Она вытерла слезы, улыбнулась, принялась обустраиваться. Мы помогали ей, как могли. Прошло несколько дней. Мы стали привыкать к своему убогому жилищу, но произошло новое событие: исчезли дед Лаврентий и дядя Борис. Мама сразу как-то осунулась, постарела, глаза потухли. Мы приставали к ней с расспросами, она только хмурилась, но не говорила ни слова. Неведение было невыносимым. Воспоминания той поры ассоциируются у меня с чувством голода и страха. Животного страха, зарождавшегося внизу живота, и обхватывавшего огненными руками все тело. От этого сознание погружалось в горячечный бред, из которого невозможно было вырваться, высвободиться…
Возвращение деда Лаврентия вселило надежду. Нашей радости не было границ. Мы даже не сразу осознали, что дядя Борис не вернулся. По обрывкам фраз я догадалась, что дед помог ему перейти через границу, что скоро все мы тоже уедем в Китай или Японию, если… – бабушка усмехнулась. – Чуда не произошло. Мы никуда не уехали, не уплыли. Мы остались здесь, в приморье. А дядя Борис, наверное, исчез в уссурийской тайге… Мы долго ждали вестей от него. Не хотелось верить, что он погиб. Дед Лаврентий говорил, что Борис жив, просто весточку нам подать не может, война… Мама тосковала по брату Борису очень сильно. Она почти ничего не ела. Заболела чахоткой. Пришедший в наш сарай фельдшер, сказал, что жить ей недолго. Дед Лаврентий нахмурился.
– Ничего-то вы не понимаете в человеческом организме. Ни-че-го. Арина выздоровеет непременно. Не-пре-мен-но. Вот тогда и посмотрим, кто прав: я – раскулаченный барин, или ты – эскулап ученый.
Фельдшер обиделся. Он закричал, что от чахотки еще нет лекарств, что никто еще не выздоравливал, что наука бессильна победить эту страшную болезнь, что… Дед Лаврентий, вывел его за двери и негромко проговорил:
– Через неделю Арина встанет на ноги.
Так и случилось. Мама выздоровела. Только волосы стали совершенно белыми, глаза потухли, потеряли свой цвет и голос надломился. Теперь она не говорила, шептала. И мы замирали, чтобы услышать ее…
Борис посмотрел на портрет постаревшей прабабушки Арины, подумал:
– Что время делает с людьми?
Он перелистнул еще одну страницу истории своей семьи. Вспомнил их с сестрой Ариной желание составить генеалогическое древо, которое так и осталось неосуществленным. Как всегда, не хватило времени. Борис подмигнул сестре, смотрящей на него с фотографии.

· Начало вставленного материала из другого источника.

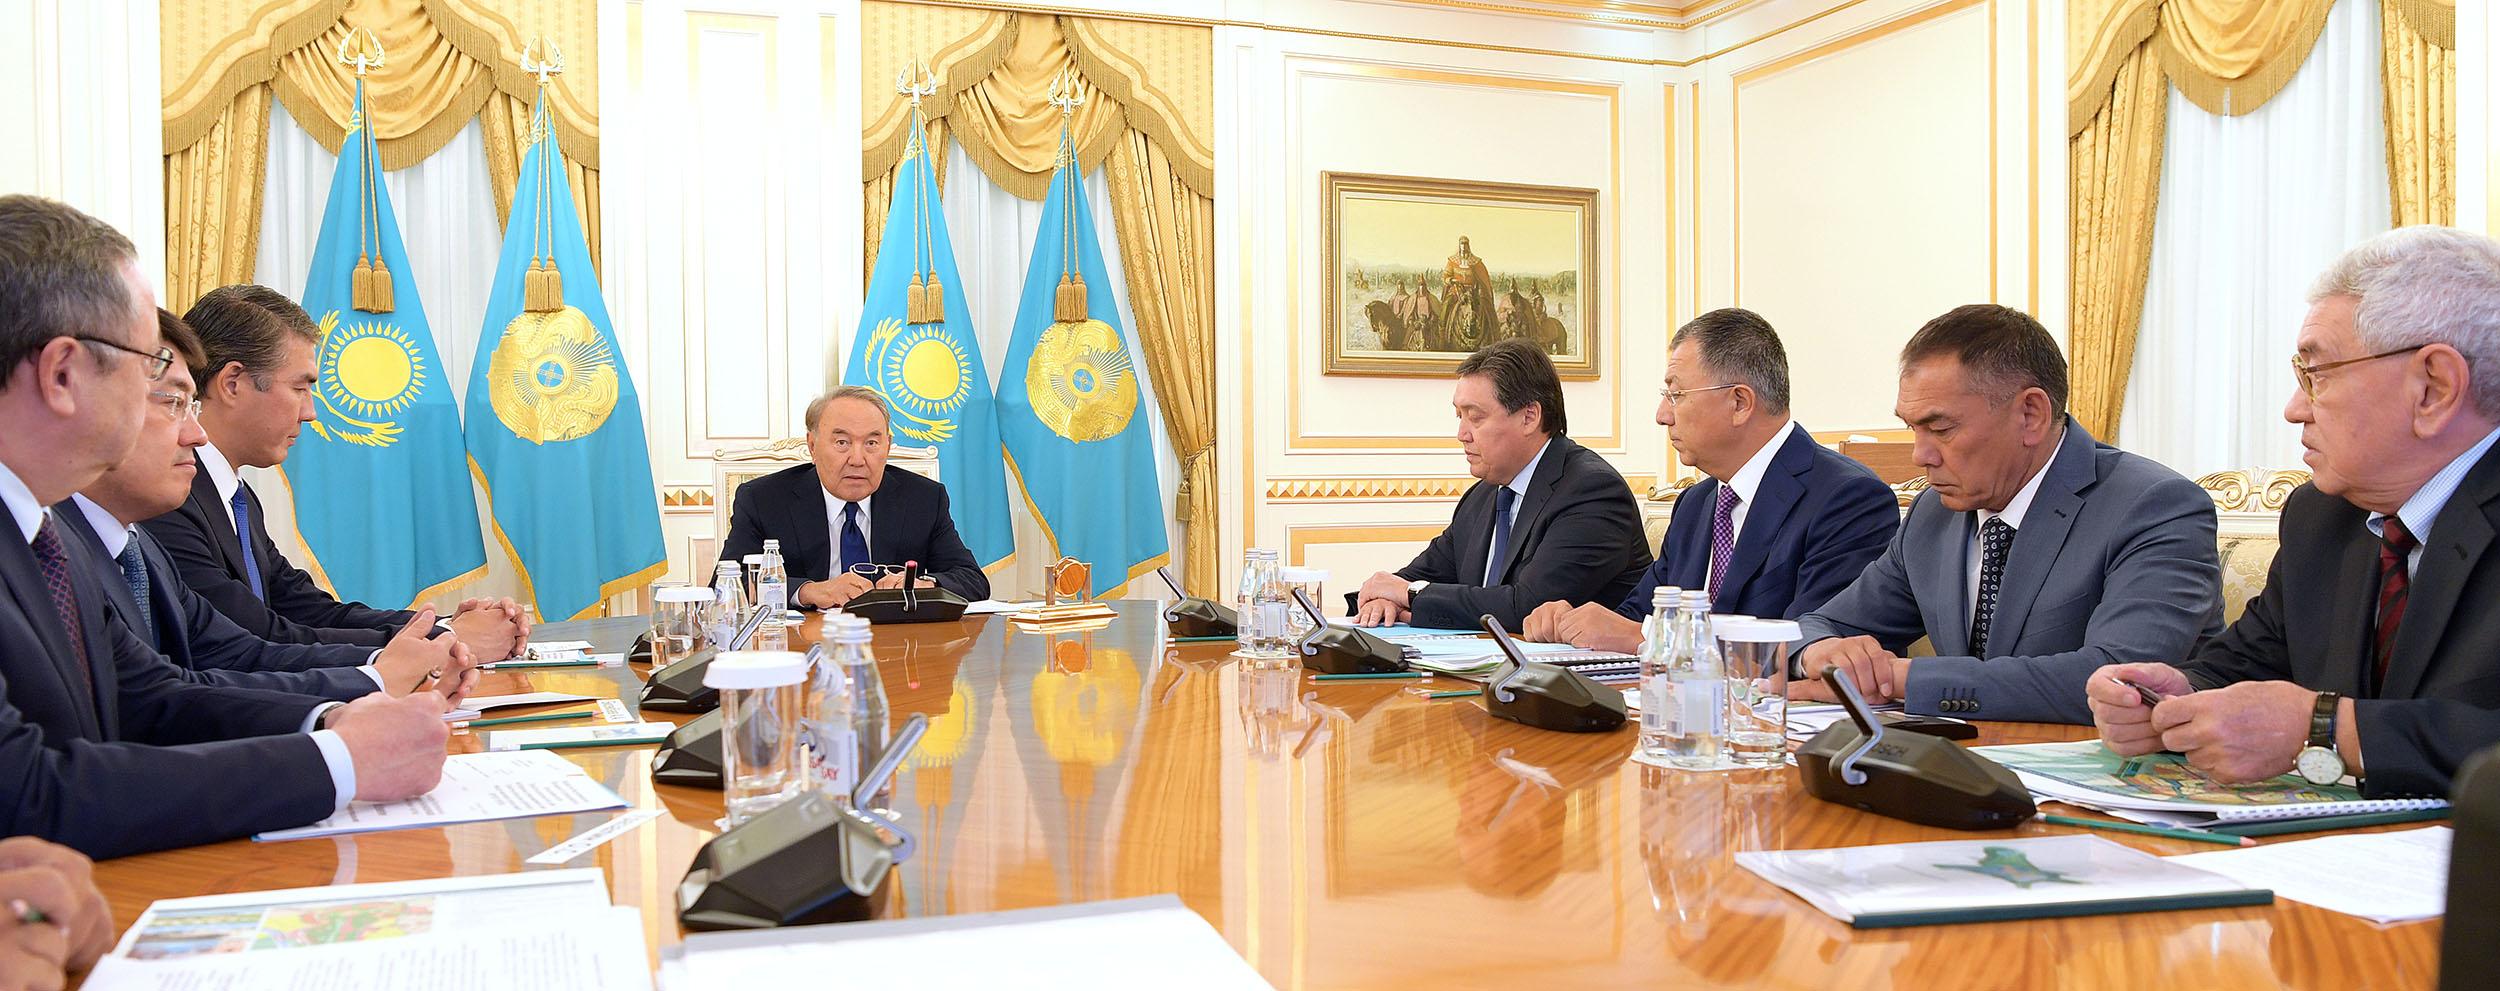 Нурсултану Назарбаеву доложили о планах развития Туркестана,  Развитие, Туркестан

– Привет, болтушка! Ты помнишь про свои обещания и грандиозные замыслы?
Первоклассница Арина Зорина с огромными белоснежными бантами ничего не ответила ему. Она счастливо улыбалась, прижимая к груди букет георгинов. Букет алых георгинов.
Борис помнил этот букет, несмотря на бездну лет, отделявшую его от того солнечного сентябрьского утра. Помнил, потому что сам нарвал эти цветы в соседском саду. За что был нещадно бит отцом. Было больно и нестерпимо жалко себя. А когда Арина пришла утешать его, отчаяние сменилось блаженством. Арина прикладывала к горячему лбу Бориса влажный платочек и шептала какие-то глупости, которые простительны семилетнему ребенку, гордящемуся поступком своего десятилетнего брата. Тогда Борис думал, что Арина – лучшая из женщин, что именно такой он желает видеть свою будущую избранницу.